A little over a week after being attacked while putting up election posters in Dresden, SPD MEP Matthias Ecke made a combative statement in his first public appearance. "I will not be silenced," he said on Monday with a clearly visible red and blue shadow under his eye at an SPD Saxony event in Leipzig. The attack had hit him, but not knocked him down, not intimidated him. He had experienced his party as very combative.
On the late evening of May 3, four young attackers aged 17 and 18 had knocked Ecke down when he wanted to put up posters. He suffered broken bones in his face and had to undergo surgery.
Corner attributed the cause of the attack to the brutalization and organized disinhibition in society, behind which were actors from the extreme right. "It's the AfD in Saxony, it's the Free Saxons, it's other networks of the extreme right." They had created a climate in which political opponents were labeled as targets, in which people felt encouraged to take matters into their own hands.
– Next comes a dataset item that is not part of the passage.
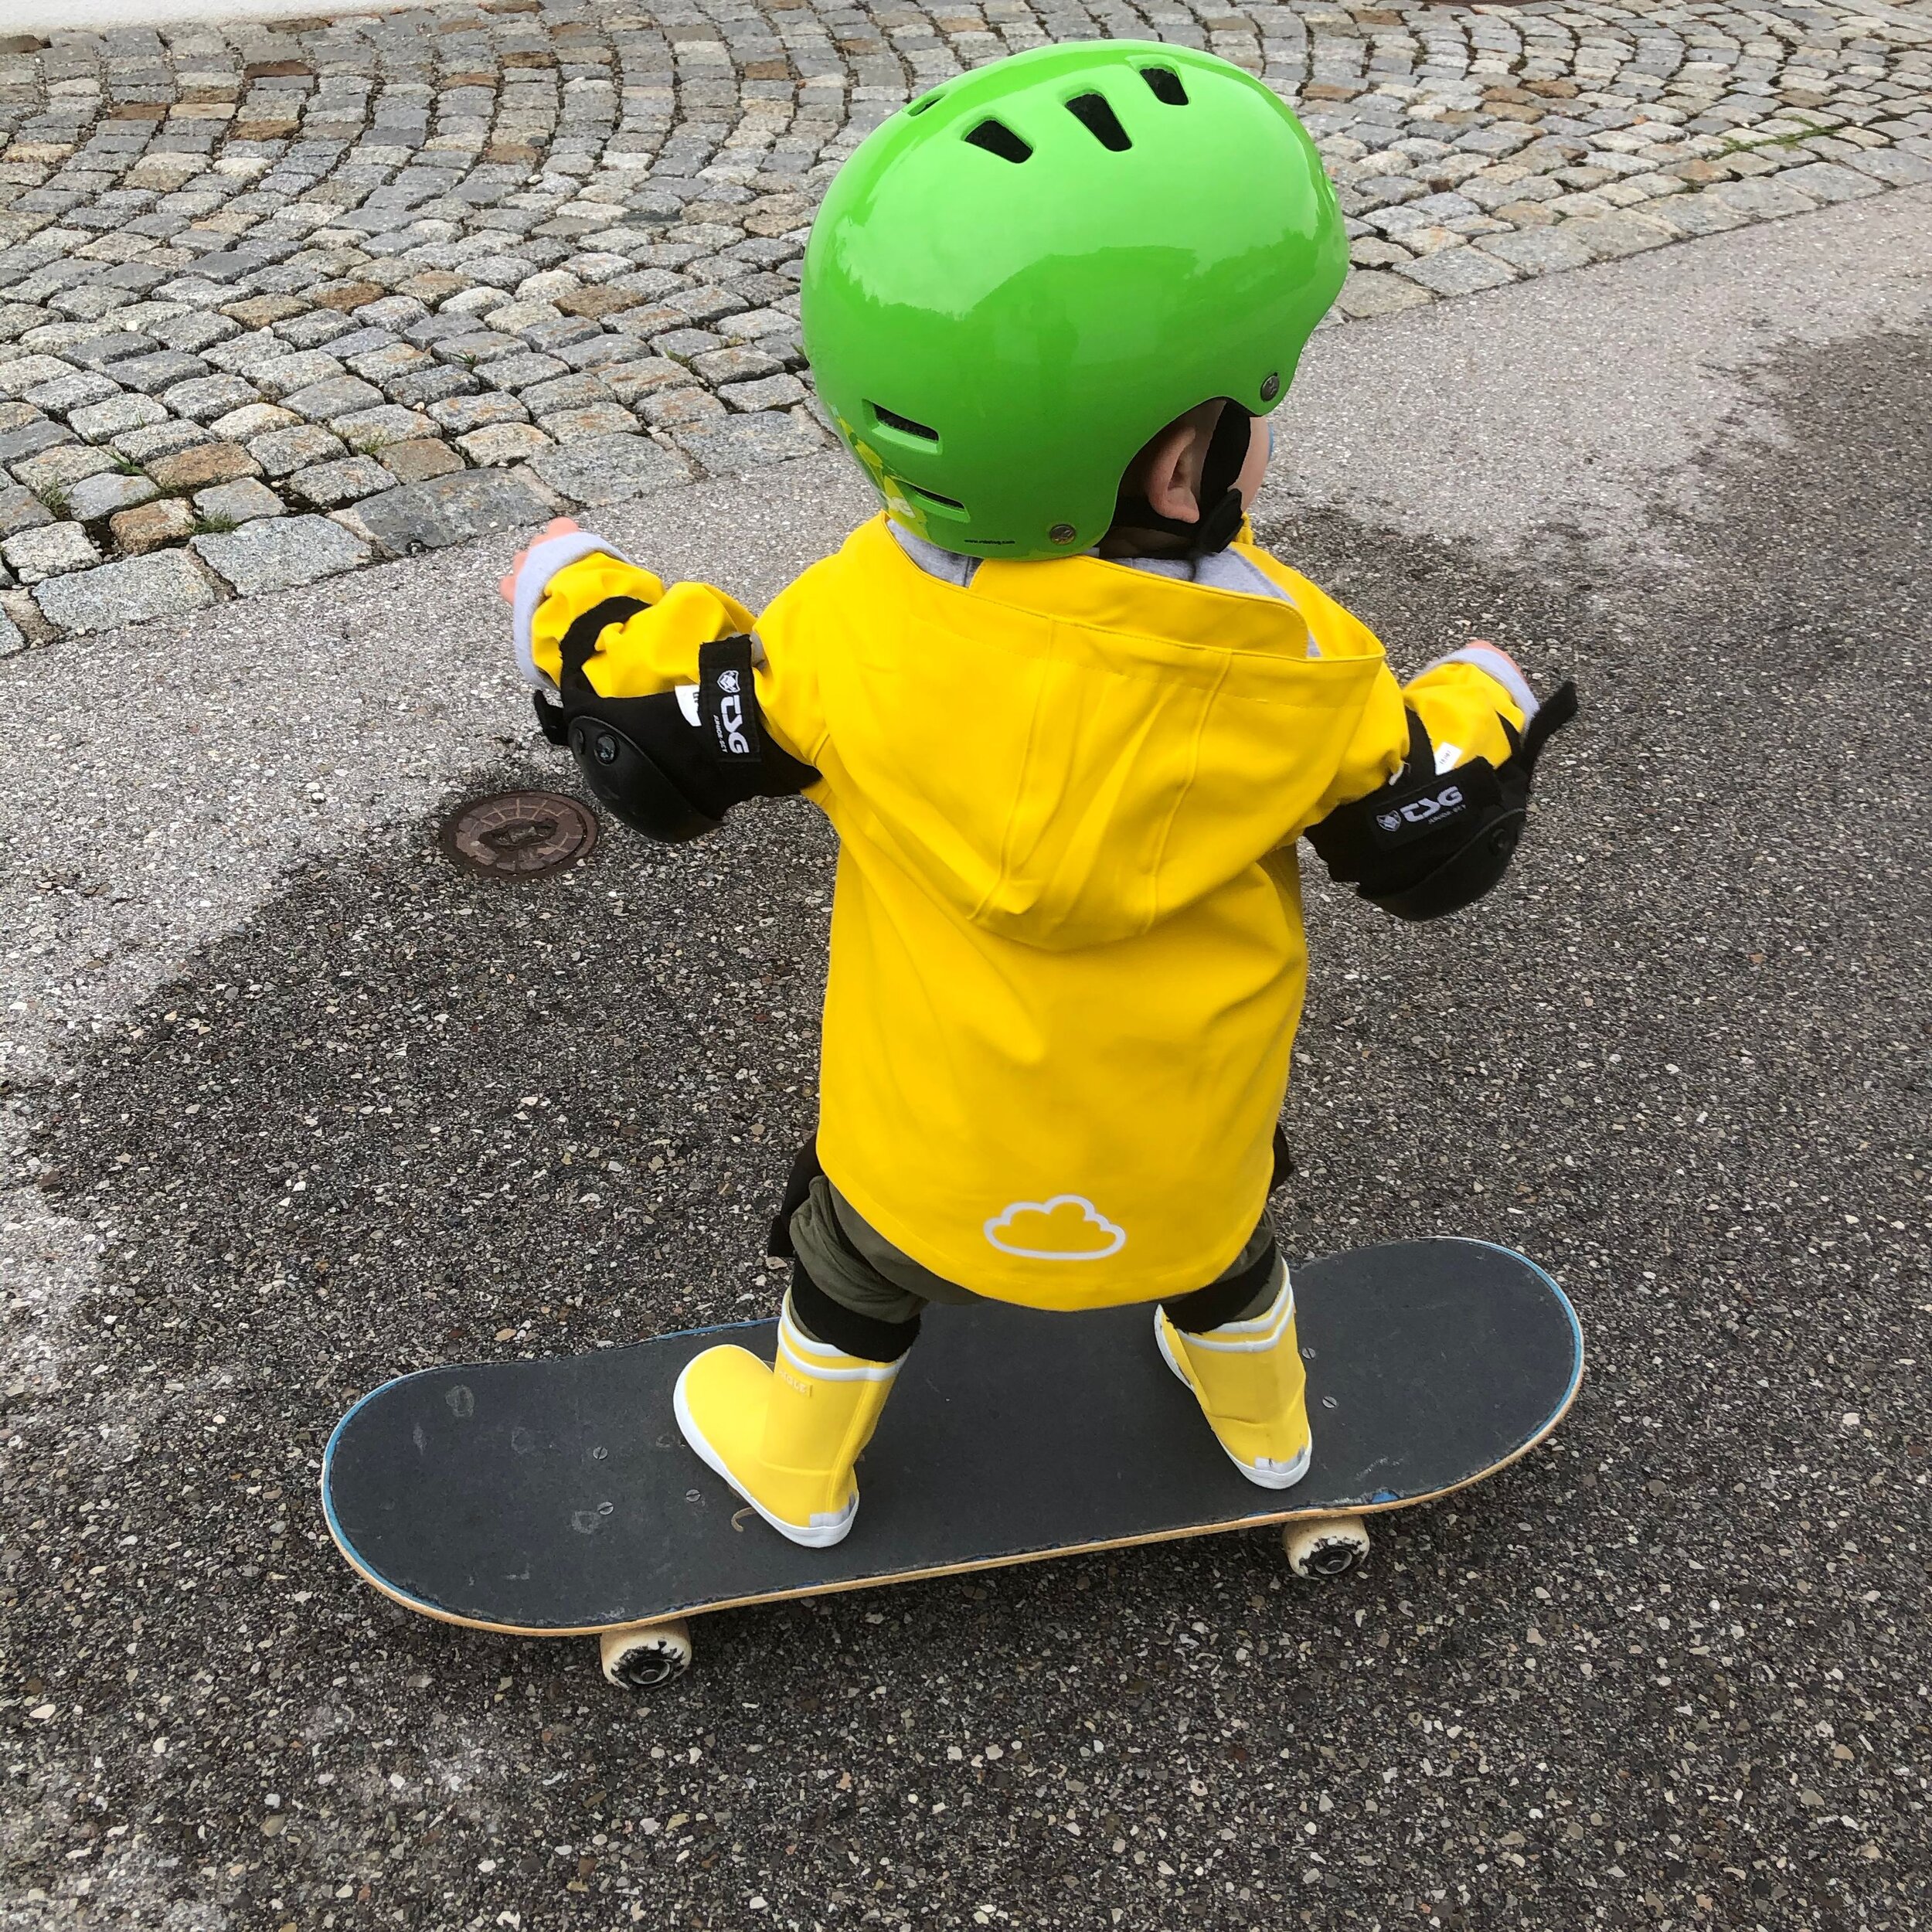 Skateboard Boy Learn to Skate Instruction.jpg
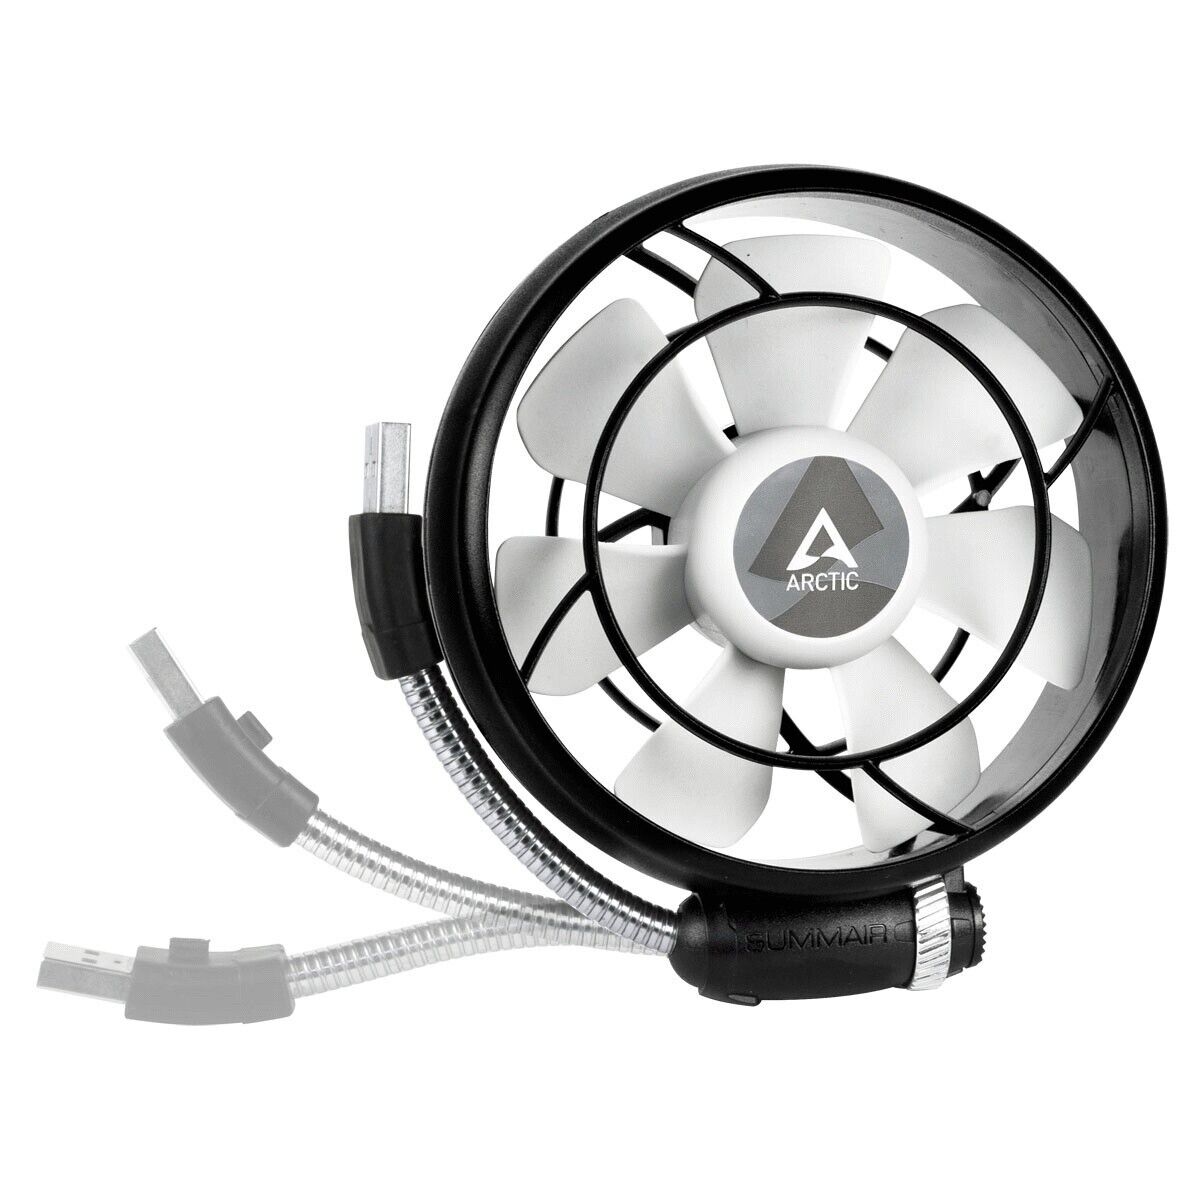 Arctic Summair Light Mobile USB Cooling Fan Laptop Travelling Size AEBRZ00018A

Ecke praised the police's actions in his case. There had been a high level of investigative pressure and the perpetrators had been identified. "A lot really went very well," said the SPD politician. However, he knew that not all victims of right-wing violence felt the same way. He wished that every man and woman in such a situation could have the same experience. "I believe that the state must send a clear signal that it will not tolerate this form of violence," said Ecke. The punishment must follow on foot.
The group had also attacked a Green Party campaign worker a few minutes earlier. On Tuesday evening, just four days later, Green Party politician Yvonne Mosler was also insulted, threatened and spat at while putting up posters in Dresden. On the same evening, the Berlin Senator for Economic Affairs, Franziska Giffey (SPD), was also attacked by a man in a library in Berlin.